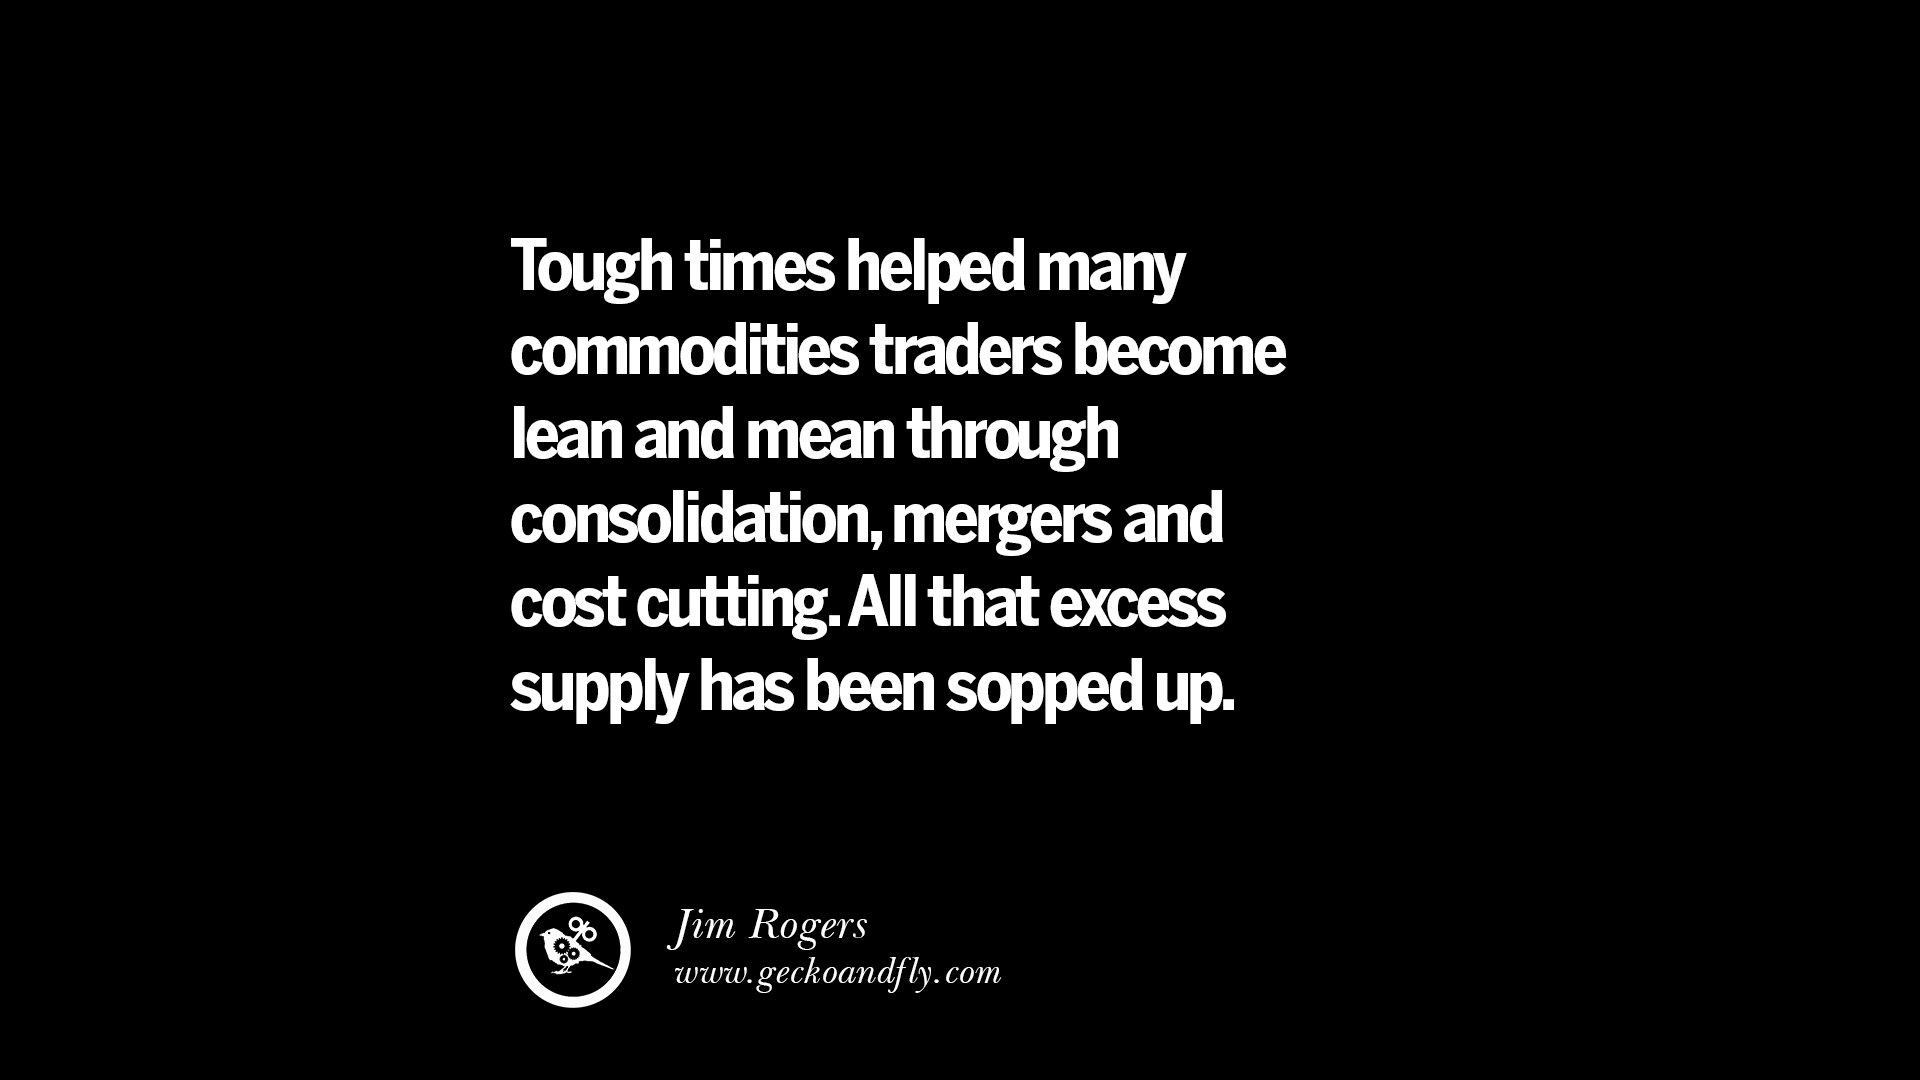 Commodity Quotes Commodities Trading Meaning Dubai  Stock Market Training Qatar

==

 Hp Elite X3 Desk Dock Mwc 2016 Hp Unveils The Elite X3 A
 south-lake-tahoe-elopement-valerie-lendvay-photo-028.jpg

--

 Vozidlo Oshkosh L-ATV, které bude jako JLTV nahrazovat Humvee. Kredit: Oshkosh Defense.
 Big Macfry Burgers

- Exercise details -
Find where the line with "Hp Elite X3" sits in the material above, then copy exactly from it through the line with "south-lake-tahoe-elopement-valerie-lendvay-photo-028.jpg". Add no other line.

- Output of the exercise -
 Hp Elite X3 Desk Dock Mwc 2016 Hp Unveils The Elite X3 A
 south-lake-tahoe-elopement-valerie-lendvay-photo-028.jpg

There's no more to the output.